# Probabilties

## Definition of probability of event
Probability of event E is a `ratio` of successful outcomes to all possible outcomes

$$\boxed{P(E) = \frac{\text{\# of successes}}{\text{\# of possible outcomes}}}$$

If examined from a standpoint of `set theory` we can explicitly collect desired and possible outcomes in sets:
$$\text{all outcomes} = \{outcome_1, outcome_2,\dots\}$$
$$\text{desired outcomes} = \{outcome_6,\dots\}$$
and write
$$\boxed{P(E) = \frac{|\text{desired outcome}|}{|\text{all outcomes}|}}$$
where $|\cdot|$ is a size of a set.  For example for a `coin toss` with sample space of `heads` and `tails` 
$$C = \{H,T\} \rightarrow |C| = 2$$

"All outcomes" set is often referred as of `sample space` (or state space in RL).

<br>
<i>REMARK 1: Set size counting makes sense if each entry has same probability. Although it does not restrict you to use duplicates. 

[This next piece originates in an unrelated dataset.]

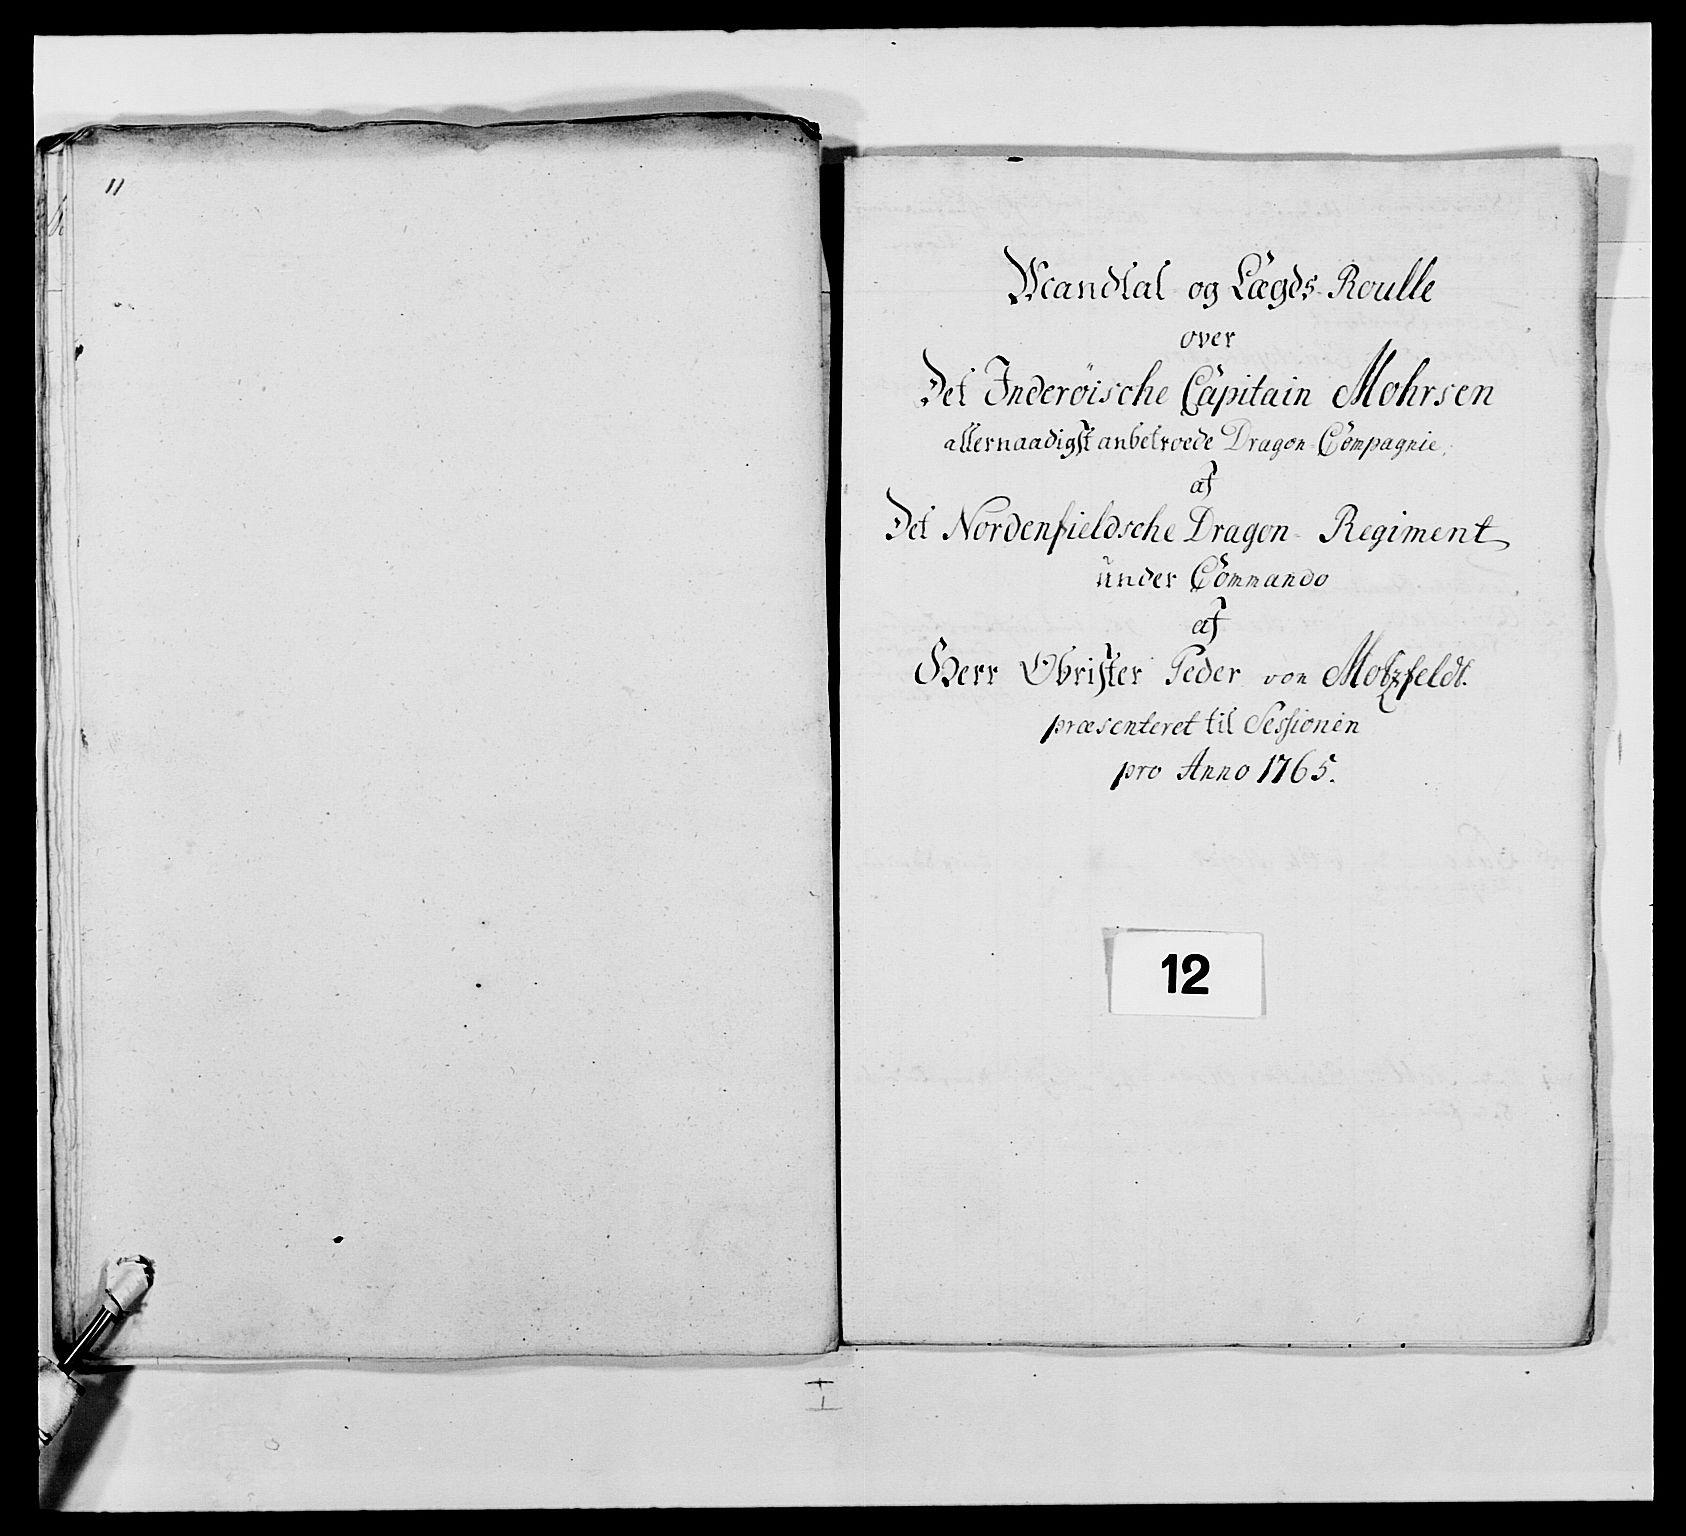 RA, Kommanderende general (KG I) med Det norske krigsdirektorium, E/Ea/L0483: Nordafjelske dragonregiment, 1765-1767, s. 268

For example if $A$ is twice as likely as $B$, set state space to $S = \{A,B,A\}$.</i>
$$P(A) = \frac{|\{A,A\}|}{|\{A,B,A\}|} = \frac{2}{3}$$

<i>REMARK 2: I will use natural language notation (and, or, not) and set notation interchangeably:
$$P(A \text{ or } B) = P(A \cup B)$$
Maybe its best to default our interpretation of events $A$ and $B$ as sets.</i>
***

### Few examples (overview)

For a fair dice roll:
$$S =  \{1,2,3,4,5,6\}; |S| = 6$$
Term "fair" implies equal probabilities for all outcomes.
1. Probability to roll 2 is
    $$P(2) = \frac{|\{2\}|}{|\{1,2,3,4,5,6\}|} = \frac{1}{6}$$ 
    <i>(Optional) you may construct desired outcome space by a rule-set:</i>
    $$S_2 = \{n\in S:n = 2\} = \{2\}$$
1. Probability to roll even number (case of mutually exclusive events)
    $$P(\text{even}) = P(\text{ 2 or 4 or 6}) = \frac{|\{2,4,6\}|}{|\{1,2,3,4,5,6\}|} = \frac{3}{6}= \frac{1}{2}$$
    <i>(Optional) Rule-set:</i>
    $$S_{even} = \{n\in S: n \% 2 = 0\} = \{2,4,6\}$$

***

## Set operations
Given following sets:
$$S  = \{1,2,3,4,5,6\}$$
$$S_{even}  = \{2,4,6\} \; \ S_{odd}  = \{1,3,5\}$$
$$\emptyset = \{ \}$$
We can manipulate sets using set operations: $\{ \setminus \ , \ \cup \ , \ \cap \ , \ \cdot^c \}$

$$\text{Union (or): } S = S_{even} \cup S_{odd}$$
$$\text{Set minus: } S_{odd} = S \setminus S_{even}$$
$$\text{Intersection (and): } S_{odd} \cap S_{even} = \emptyset$$
$$\text{Complement (rest): } S_{even} \cup S_{even}^c = S $$

If $X$ is a subset of $S\rightarrow X\subseteq S$

$$ X \cap S = X \text{ (for any X)}\rightarrow \{1,2\} \cap S = \{1,2\} $$
$$ S \cap S = S$$
***

## Complementary & certain events
* Complementary events "complement" each other such that they both take up `whole` state space,
* Complementary events cannot occur at `same time`,
* Certain events have probability of 1.

### Example with a coin flip
Only two outcomes make this problem binary- if outcome is `not` heads, then its tails:
$$P(H) = P(\text{not }T) = P(T^c); \ P(T) = P(\text{not }H) = P(H^c)$$


Stating obvious: "everything" is made up from "something" and "not something" = " everything else"
$$H\text{ or not }H = H\text{ or }H^c = H\text{ or }T = C$$
Probability of "everything" (whole state space) is 1. 
$$P(C) = P(H\text{ or }T) = P(H \cup T) = P(H) + P(T) = 1$$
Any/or is represented by union $\cup$ of sets.
### Example with a dice roll
Sample space size is not important (given its greater than 1). Its about events dividing whole sample space into 2 parts.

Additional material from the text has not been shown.